Is the McLaren Senna too tame for you? Do you wish it was more powerful, more expensive, more exclusive and even harder to miss in a crowded lot of other look-at-me hypercars? I don’t know what reasonable person would wish for such a thing, but that’s not important; what is important is that McLaren has delivered on your request, and the Sabre is the result.
The Sabre takes McLaren’s mainstay 4.0-liter twin-turbocharged V8 and cranks the output to 824 horsepower, with 590 lb-ft of torque. That kind of firepower will reportedly take the Sabre all the way up to a top speed of 218 mph, making this the fastest non-hybrid two-seater McLaren has ever sold. “Two-seater” is the operative hedge here, because the two McLarens that are quicker in a straight line — the F1 and the Speedtail — each have room for three.

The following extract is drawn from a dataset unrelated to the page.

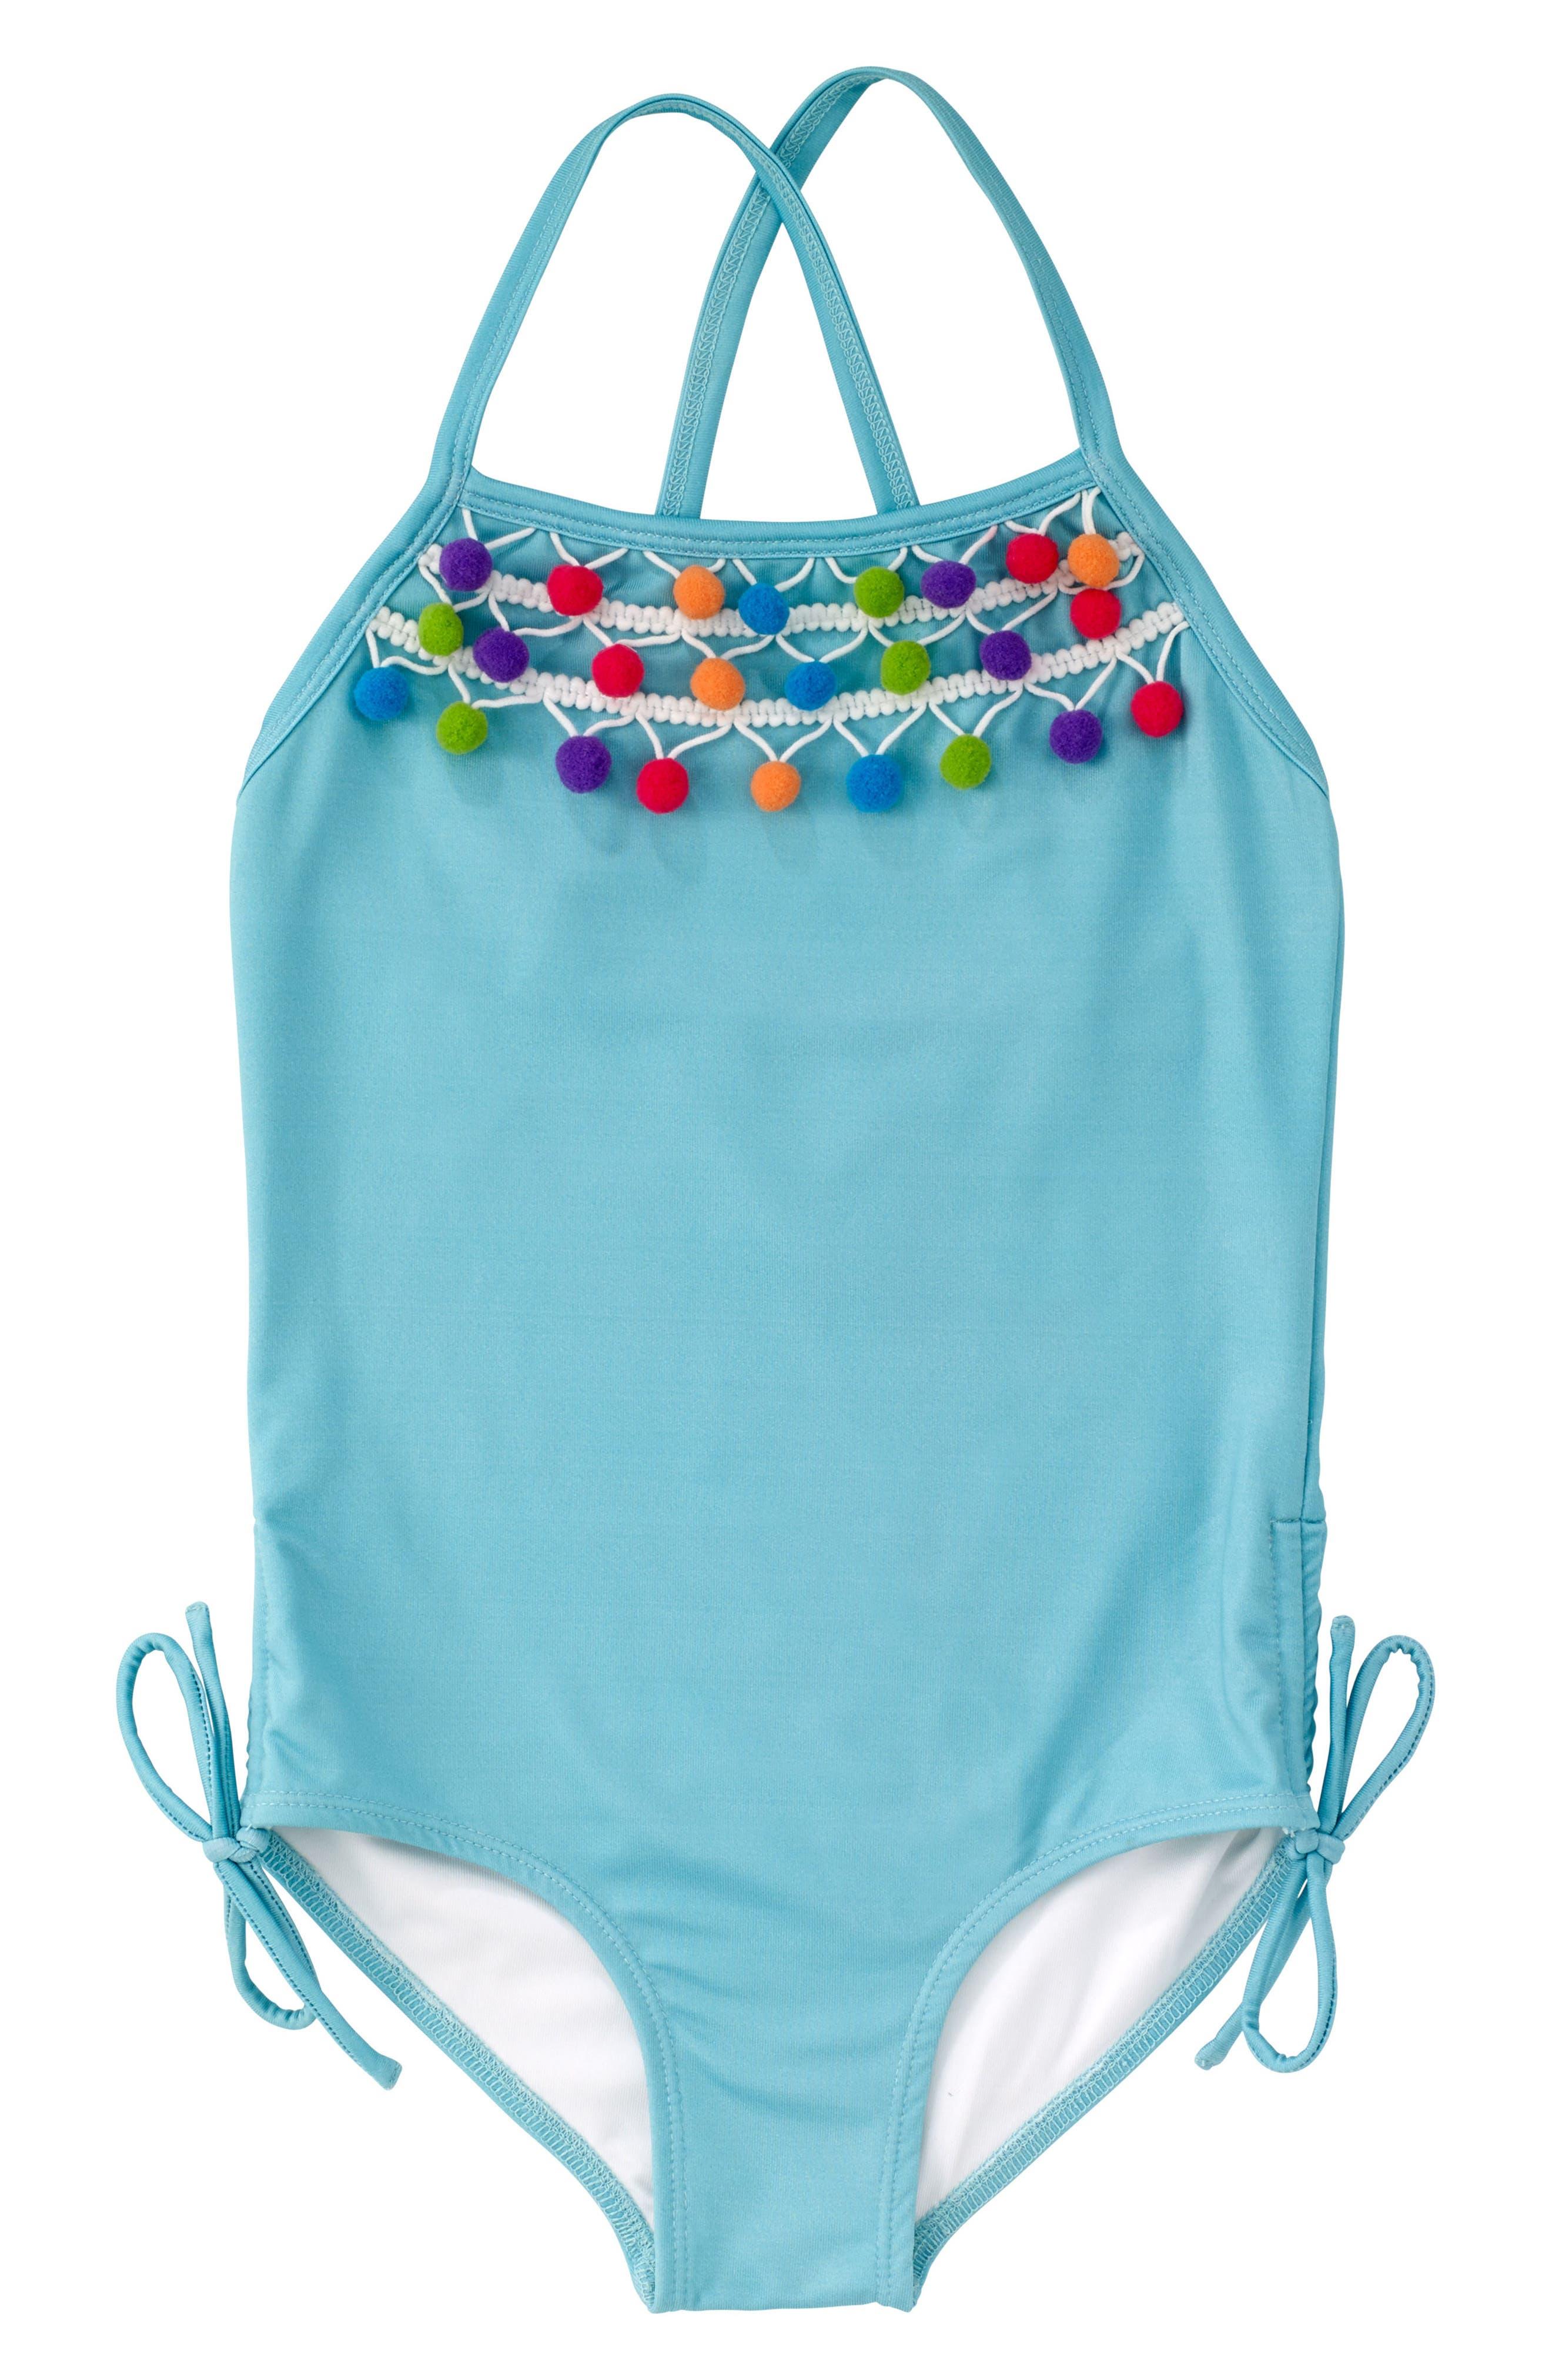 Pompom One-Piece Swimsuit,                             Main thumbnail 1, color,                             400

McLaren Special Operations will build just 15 Sabres, and they’ll all be a little bit different, as each will be configured specifically to the customer’s liking. Above, we see one with a two-tone indigo and polished carbon-fiber finish with brighter blue accents; another is white and red, possibly as a tribute to McLaren’s grand prix-winning racecars of the ’80s and early ’90s; yet another floating around the web appears to be yellow.

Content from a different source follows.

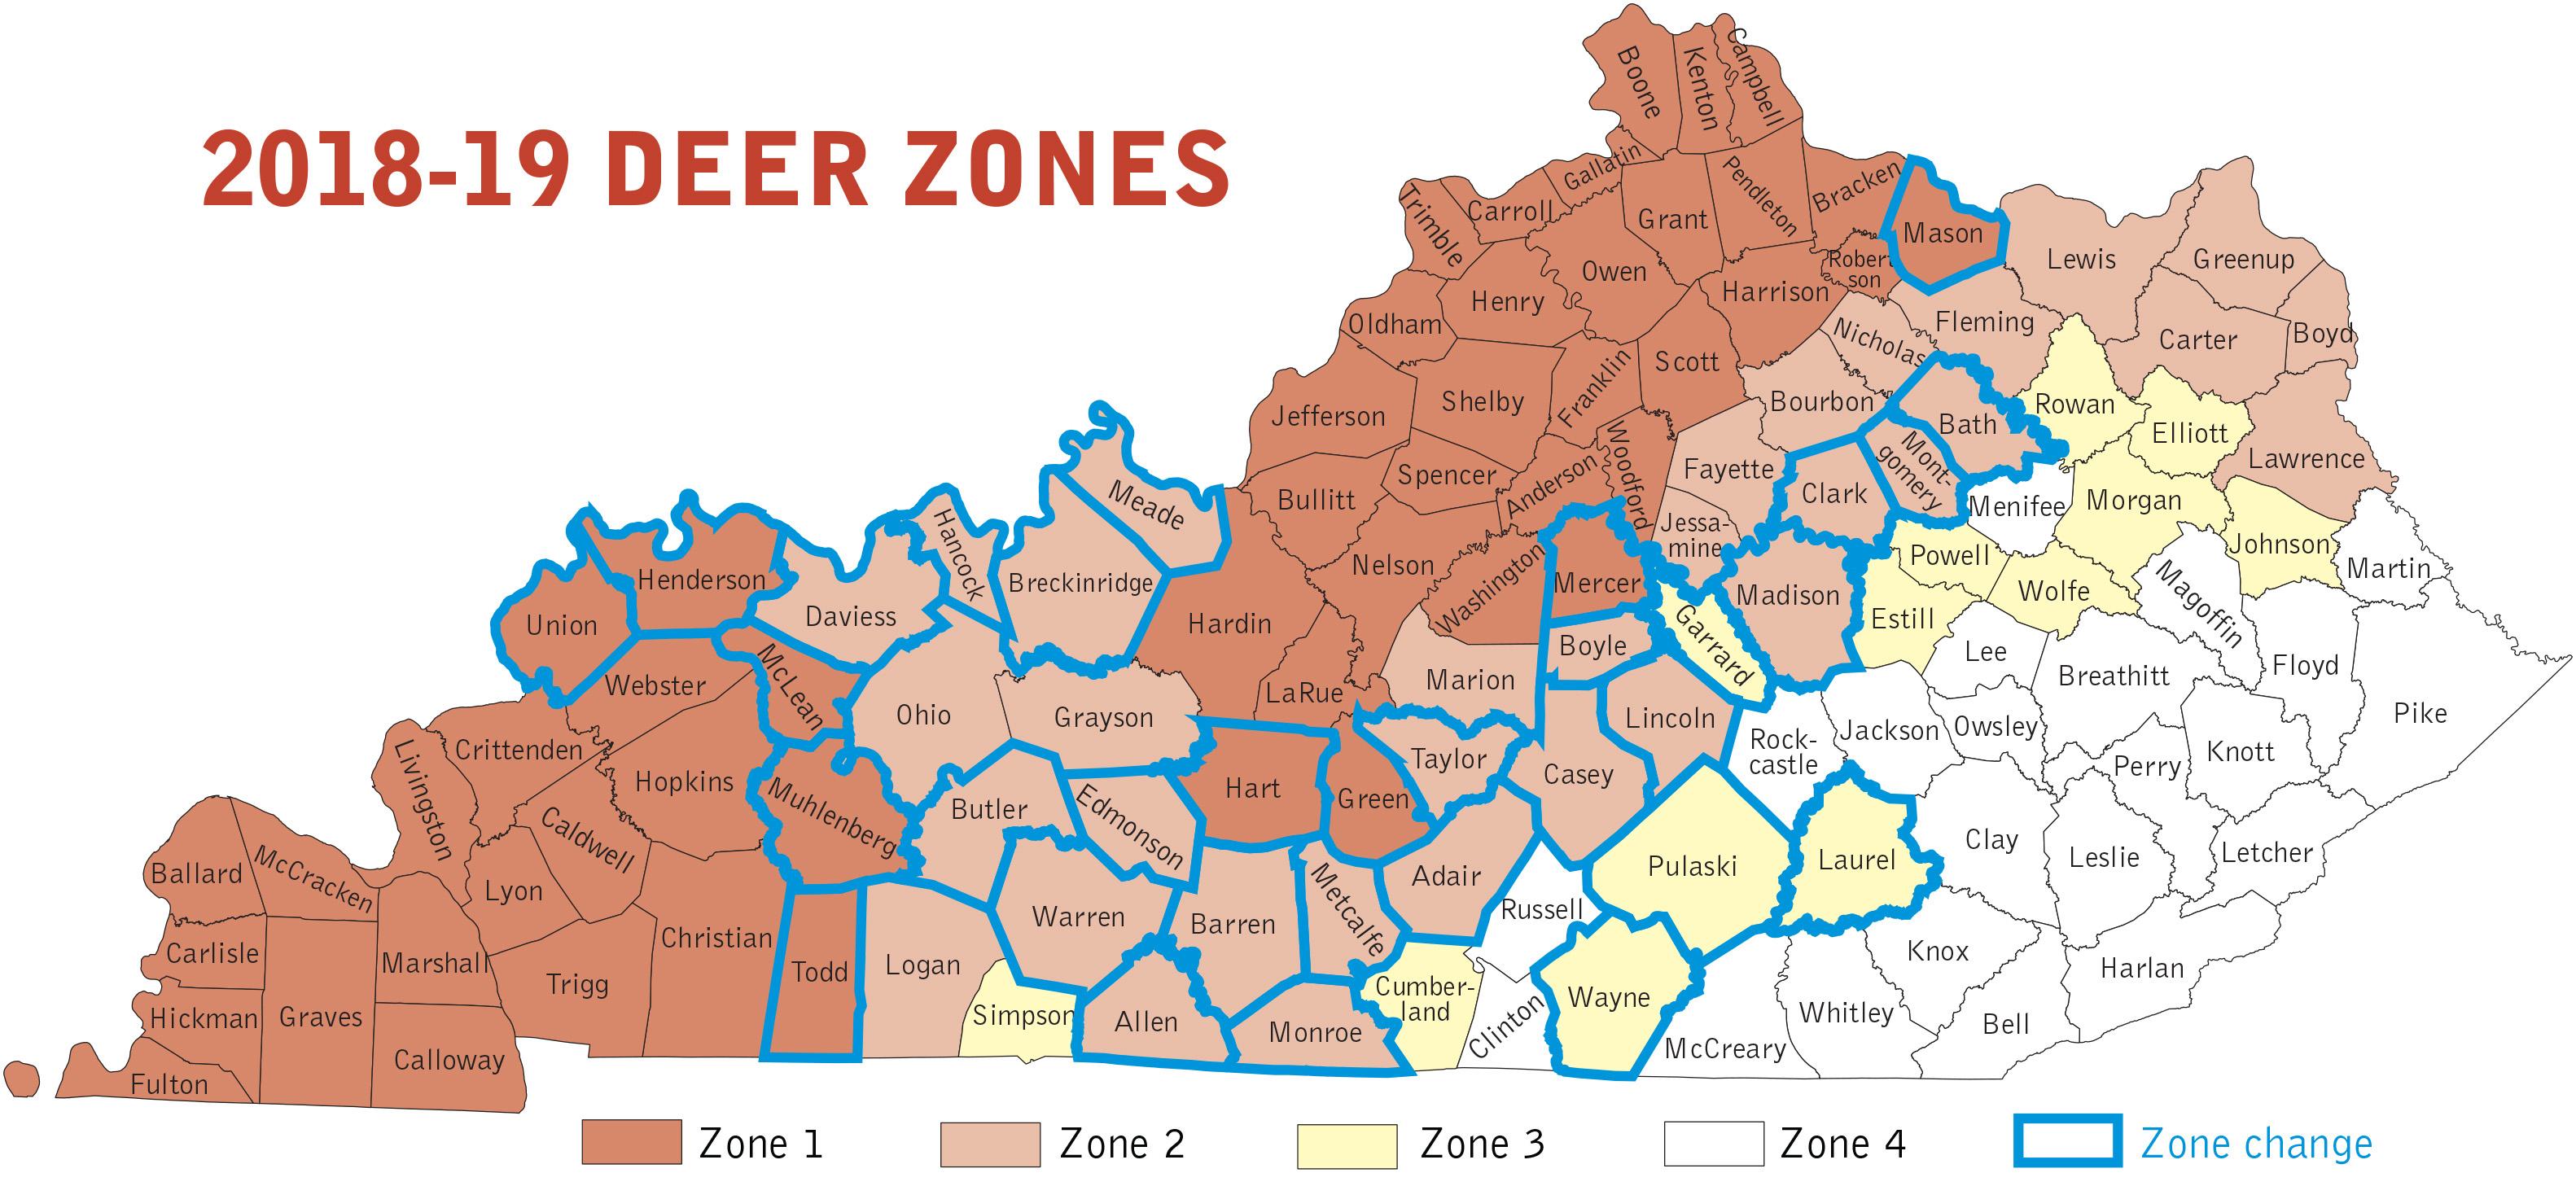 Kentucky Department Of Fish & Wildlife Deer Hunting Regulations - Deer Rut Map Texas

The Sabre’s silhouette closely follows that of the Senna, with a few additions like a Le Mans prototype-esque shark fin bridging the space between the back of the cockpit and the rear wing. Up front, air will be sliced and funneled by a more elaborate splitter with prominent canards. Every single visual cue suggests the Sabre Means Business, though I do lament that all of this has evidently come at the cost of the Senna’s coolest exterior feature — its lower door windows.
McLaren says all Sabres are going to buyers in the United States, apparently because aspects of the car would prohibit it from being sold elsewhere in the world. We don’t know what those specific qualities are, but regardless, it is rare to see a hypercar from a British or European automaker kept out of Europe.
What do you think of the Sabre, then? Personally, I’m struggling to care, as I already found the Senna pretty garish; I’m more looking forward to the Artura, which will be McLaren’s first completely new product in the better part of a decade, rather than yet another patch on an existing model.